His work has been featured in golf journals and television spots. Our
scholarship in the arts is equally outstanding. Take for example Assistant
Professor of Music Dr. Dan Crozier’s most recent composition, “Toccata
for Soprano Saxophone and String Trio.” It was played by a little-known
guy called Branford Marsalis.
The scholarship of the faculty does not take place in the absence of
students. Associate Professor of Physics, Dr. Thom Moore (how are you
doing Dr. Moore?) (He always says that) heads up our summer research program
in which students in all disciplines, not just the sciences, work side
by side with a faculty member engaged in original research. Some, like
Psychology faculty members, Drs. John Houston and Sandy McIntyre, publish
their work in conjunction with their students. Would all the faculty who
have worked in summer research with students over the past three years
please stand up?
As believers in global citizenship, our research and teaching frequently
take us far from the United States. Will everyone who left the country
for professional reasons over the past year please stand? Cite some examples:
Uganda, Bali, the Dominican Republic, Spain.
But most of all, we are teachers. Will all winners of teaching awards
of any kind please stand? Over 60% of our faculty have won a teaching
award of some type. At colleges nationally, the average is less than 40%.

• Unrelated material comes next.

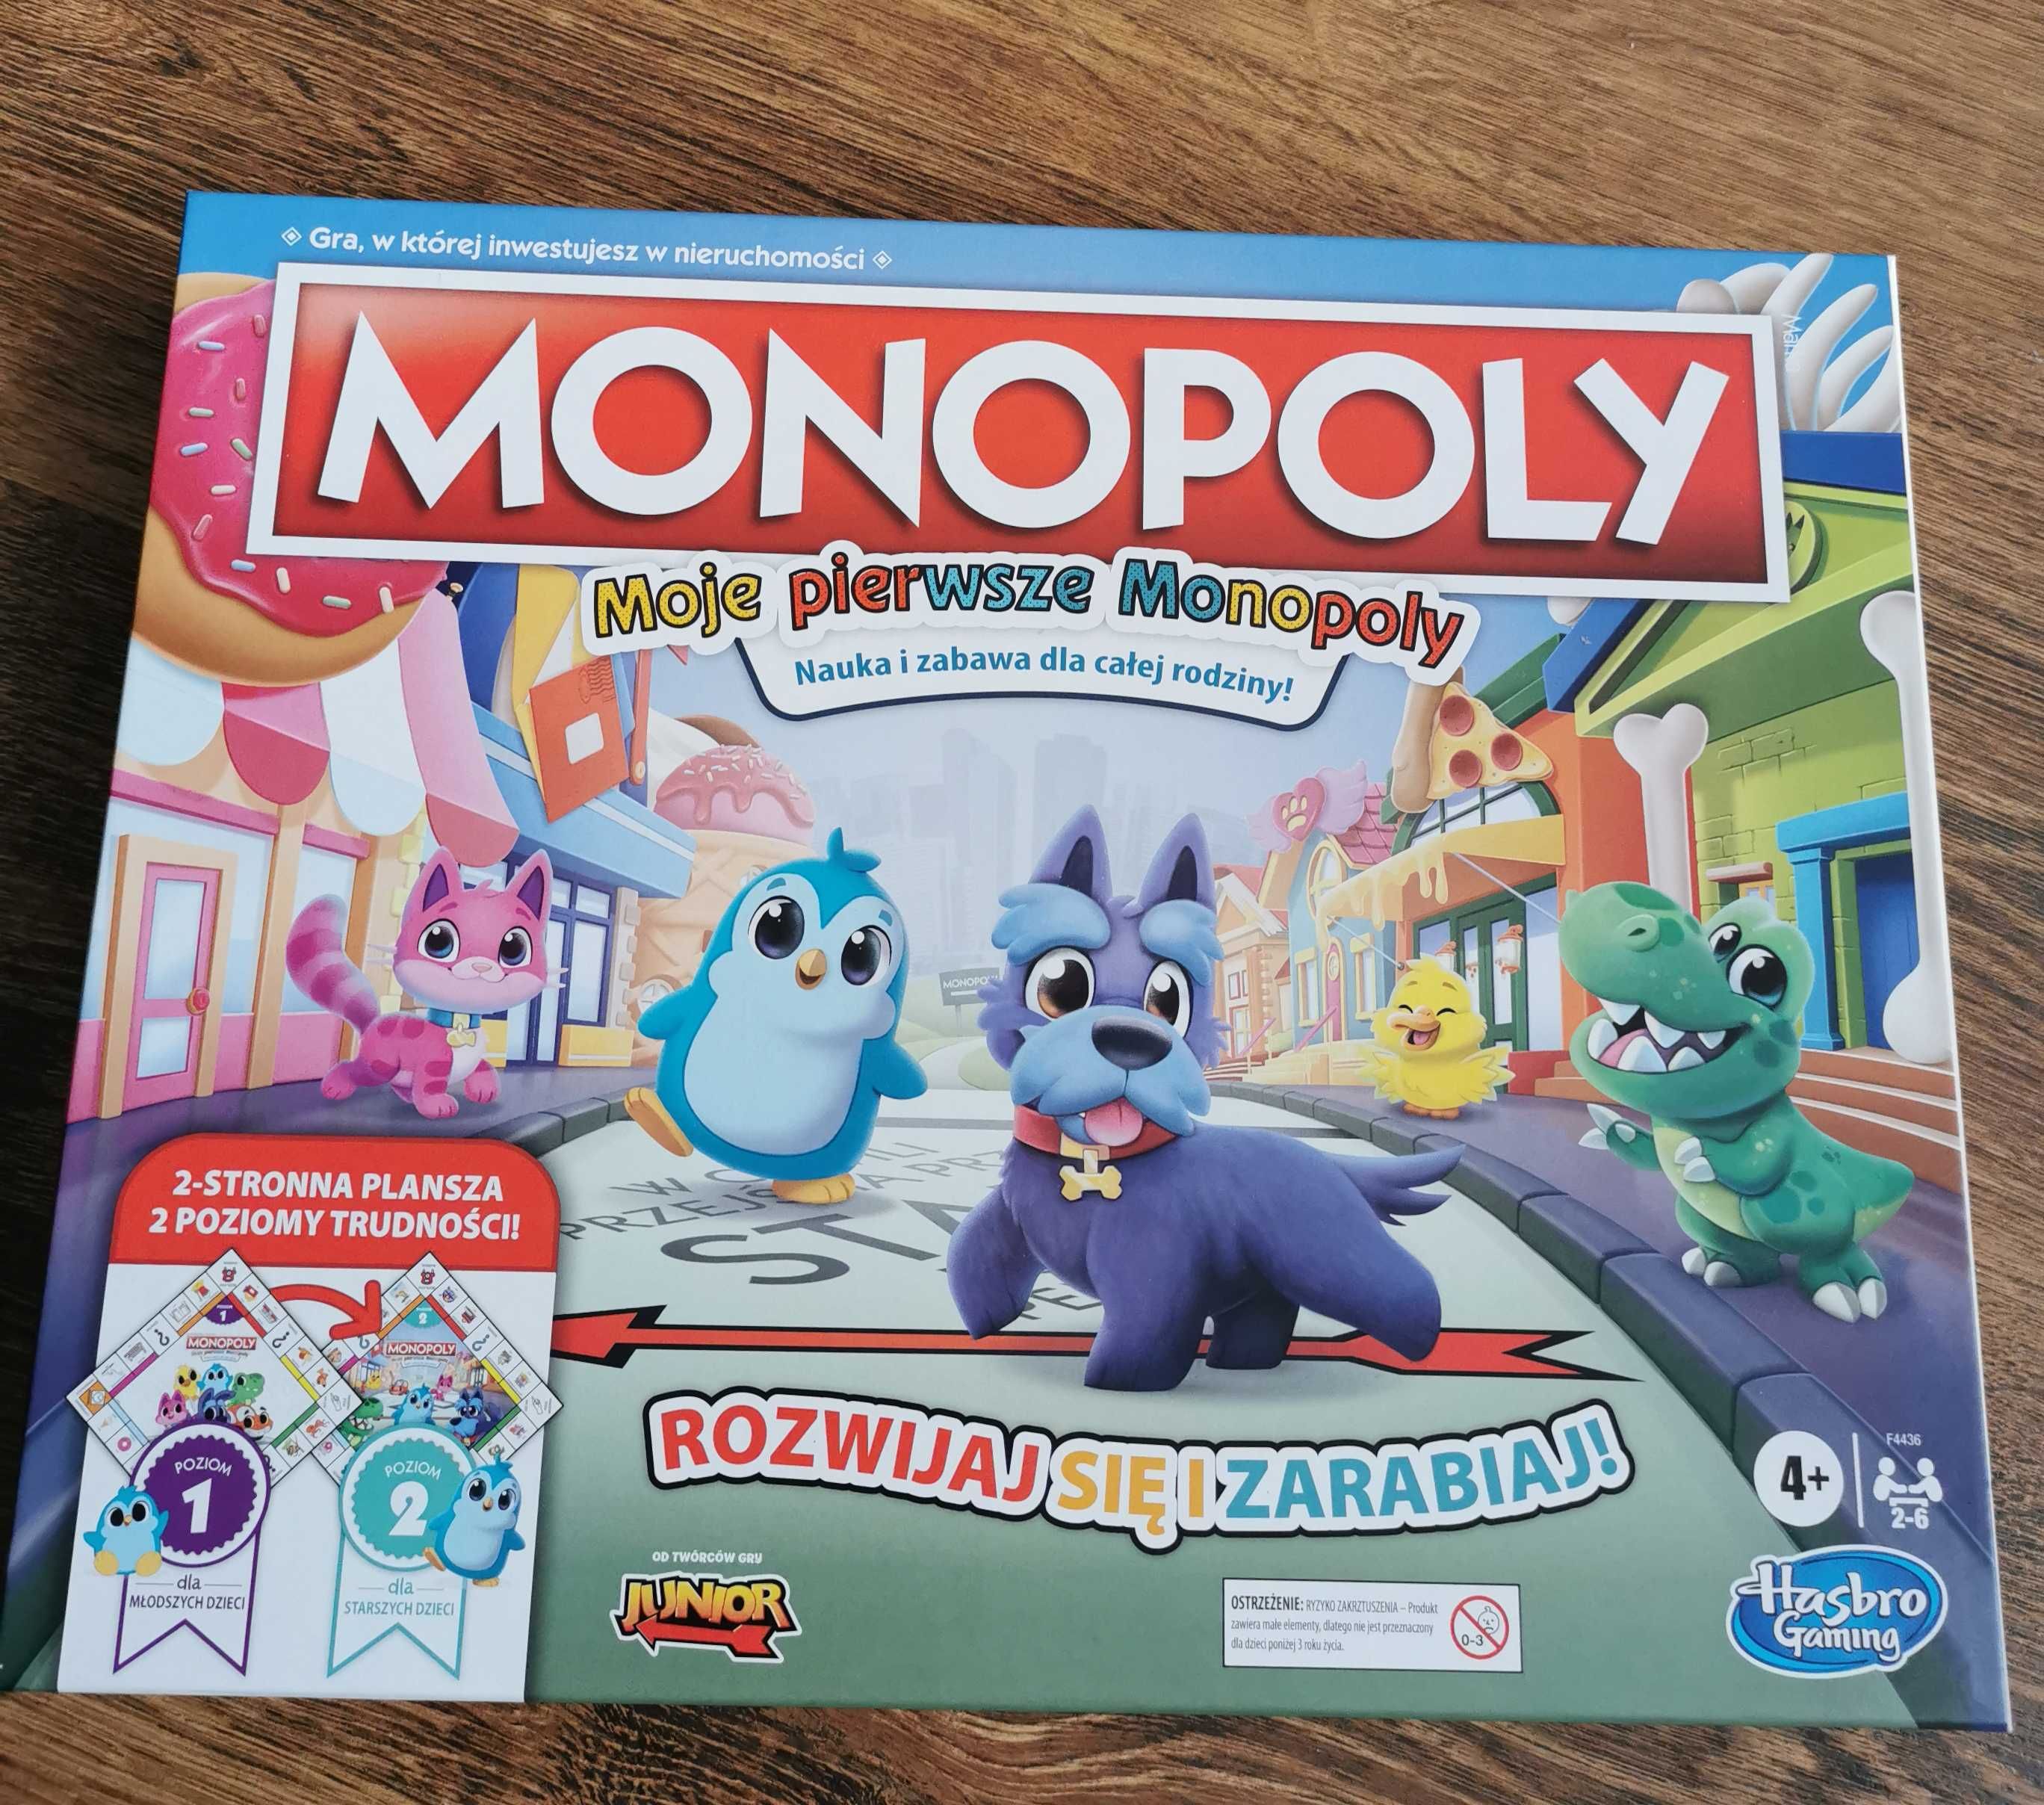 Hasbro Gra Monopoly 2 stronna plansza 2 poziomy trudności Nowa

Alumni research conducted (and published in the nation’s leading
higher education periodical, I might add) by one of our own endowed chairs,
Alfond Professor of English Barbara Carson, shows that perhaps the biggest
thing you will remember about your experience at Rollins is your relationship
with one of our professors.
Get to know them. Harvard Professor Richard Light's research on why students
succeed in college points to several factors. Probably the most important
is this: students who succeed in college develop a relationship with professors
that extends outside of the classroom. Introduce yourself. Visit them
during their office hours. Come armed with questions. They're lonely without
you. You're the reason they're here. It's not because we pay them $6.74
an hour.
In conclusion: Make the most of the reality show called Rollins. In the
words of Henry James: Be someone on whom nothing is lost. I wish you great
success.
Madam President: The faculty are assembled.